Bidirectional gRPC stream sometimes stops processing responses after stopping and starting - ios

In short
We have a mobile app that streams fairly high volumes of data to and from a server through various bidirectional streams. The streams need to be closed on occasion (for example when the app is backgrounded). They are then reopened as needed. Sometimes when this happens, something goes wrong:
From what I can tell, the stream is up and running on the device's side (the status of both the GRPCProtocall and the GRXWriter involved is either started or paused)
The device sends data on the stream fine (the server receives the data)
The server seems to send data back to the device fine (the server's Stream.Send calls return as successful)
On the device, the result handler for data received on the stream is never called
More detail
Our code is heavily simplified below, but this should hopefully provide enough detail to indicate what we're doing. A bidirection stream is managed by a Switch class:
class Switch {
/** The protocall over which we send and receive data */
var protocall: GRPCProtoCall?
/** The writer object that writes data to the protocall. */
var writer: GRXBufferedPipe?
/** A static GRPCProtoService as per the .proto */
static let service = APPDataService(host: Settings.grpcHost)
/** A response handler. APPData is the datatype defined by the .proto. */
func rpcResponse(done: Bool, response: APPData?, error: Error?) {
NSLog("Response received")
// Handle response...
}
func start() {
// Create a (new) instance of the writer
// (A writer cannot be used on multiple protocalls)
self.writer = GRXBufferedPipe()
// Setup the protocall
self.protocall = Switch.service.rpcToStream(withRequestWriter: self.writer!, eventHandler: self.rpcRespose(done:response:error:))
// Start the stream
self.protocall.start()
}
func stop() {
// Stop the writer if it is started.
if self.writer.state == .started || self.writer.state == .paused {
self.writer.finishWithError(nil)
}
// Stop the proto call if it is started
if self.protocall?.state == .started || self.protocall?.state == .paused {
protocall?.cancel()
}
self.protocall = nil
}
private var needsRestart: Bool {
if let protocall = self.protocall {
if protocall.state == .notStarted || protocall.state == .finished {
// protocall exists, but isn't running.
return true
} else if writer.state == .notStarted || writer.state == .finished {
// writer isn't running
return true
} else {
// protocall and writer are running
return false
}
} else {
// protocall doesn't exist.
return true
}
}
func restartIfNeeded() {
guard self.needsRestart else { return }
self.stop()
self.start()
}
func write(data: APPData) {
self.writer.writeValue(data)
}
}
Like I said, heavily simplified, but it shows how we start, stop, and restart streams, and how we check whether a stream is healthy.
When the app is backgrounded, we call stop(). When it is foregrounded and we need the stream again, we call start(). And we periodically call restartIfNeeded(), eg. when screens that use the stream come into view.
As I mentioned above, what happens occasionally is that our response handler (rpcResponse) stops getting called when server writes data to the stream.
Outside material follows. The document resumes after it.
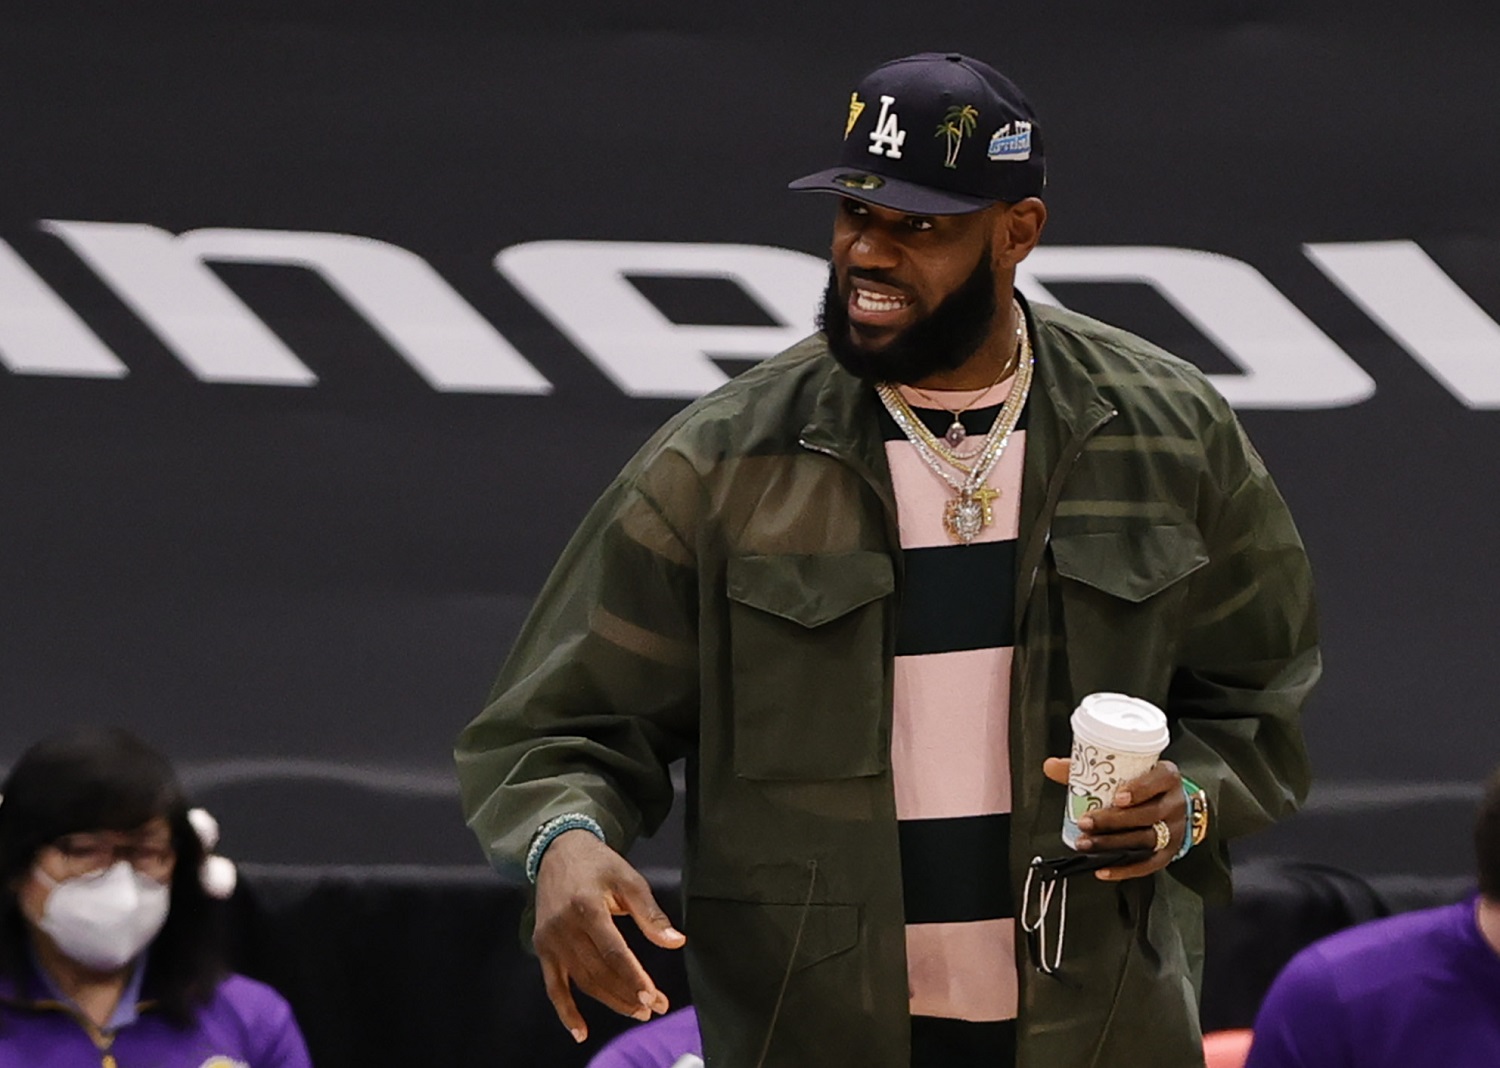 LeBron James has not played for the Los Angeles Lakers since suffering a high ankle sprain in mid-March during an NBA game.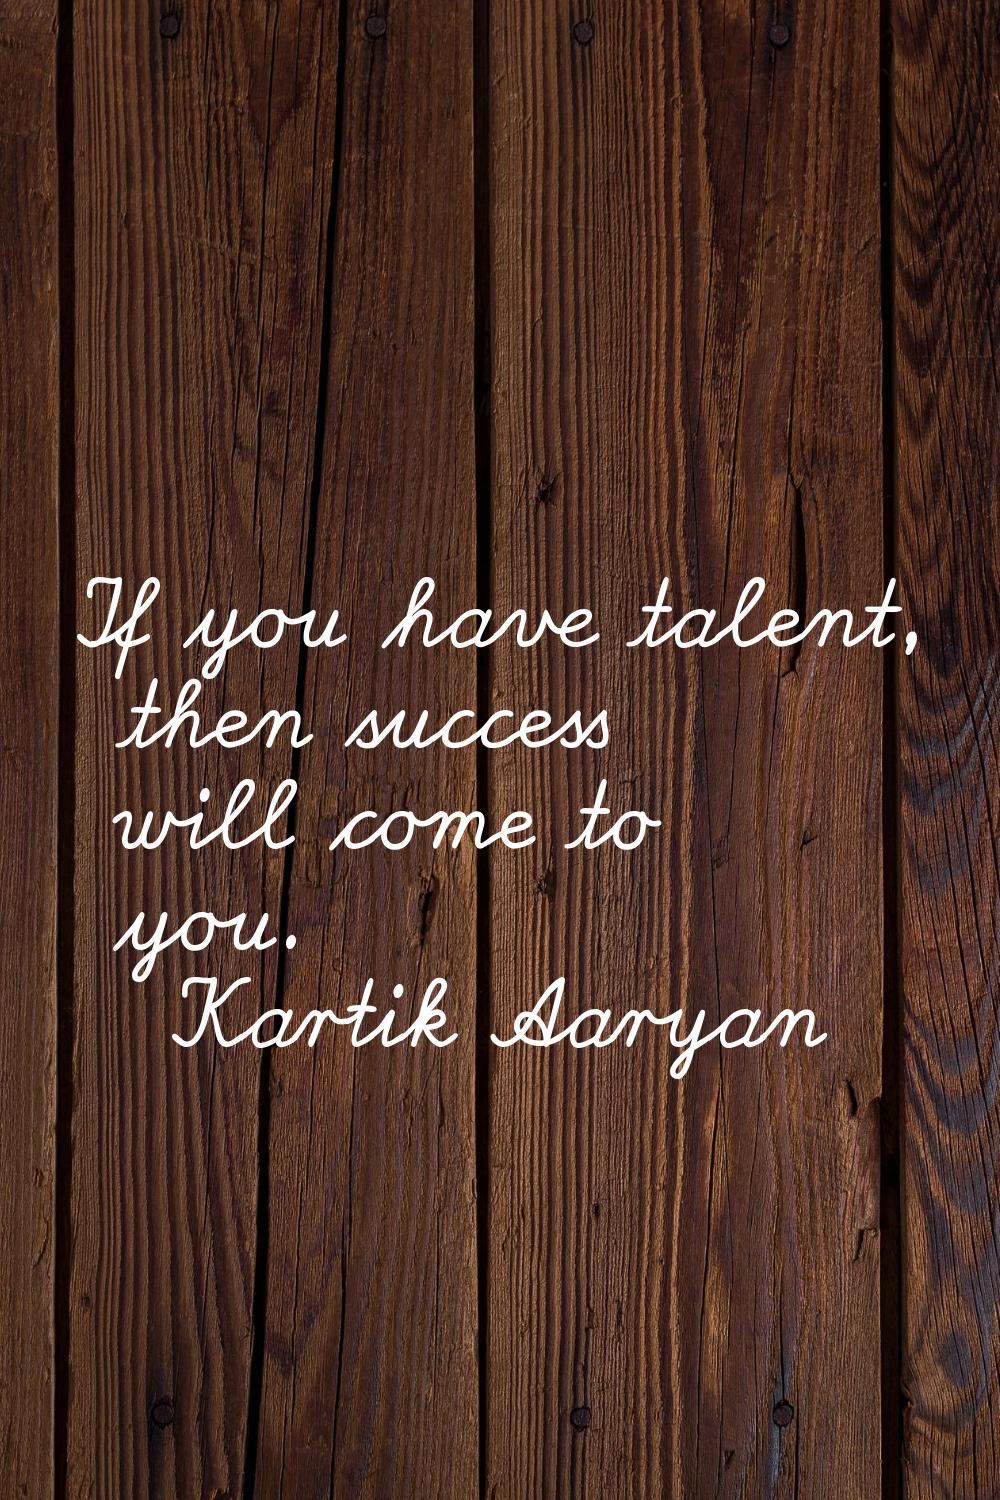 If you have talent, then success will come to you.

The stream appears to be healthy (server receives the data we write to it, and protocall.state is neither .notStarted nor .finished). But not even the log on the first line of the response handler is executed.
First question: Are we managing the streams correctly, or is our way of stopping and restarting streams prone to errors? If so, what is the correct way of doing something like this?
Second question: How do we debug this? Everything we could think of that we can query for a status tells us that the stream is up and running, but it feels like the objc gRPC library keeps a lot of its mechanics hidden from us. Is there a way to see whether responses from server may do reach us, but fail to trigger our response handler?
Third question: As per the code above, we use the GRXBufferedPipe provided by the library. Its documentation advises against using it in production because it doesn't have a push-back mechanism. To our understanding, the writer is only used to feed data to the gRPC core in a synchronised, one-at-a-time fashion, and since server receives data from us fine, we don't think this is an issue. Are we wrong though? Is the writer also involved in feeding data received from server to our response handler? I.e. if the writer broke due to overload, could that manifest as a problem reading data from the stream, rather than writing to it?
UPDATE: Over a year after asking this, we have finally found a deadlock bug in our server-side code that was causing this behaviour on client-side. The streams appeared to hang because no communication sent by the client was handled by server, and vice-versa, but the streams were actually alive and well. The accepted answer provides good advice for how to manage these bi-directional streams, which I believe is still valuable (it helped us a lot!). But the issue was actually due to a programming error.
Also, for anyone running into this type of issue, it might be worth investigating whether you're experiencing this known issue where a channel gets silently dropped when iOS changes its network. This readme provides instructions for using Apple's CFStream API rather than TCP sockets as a possible fix for that issue.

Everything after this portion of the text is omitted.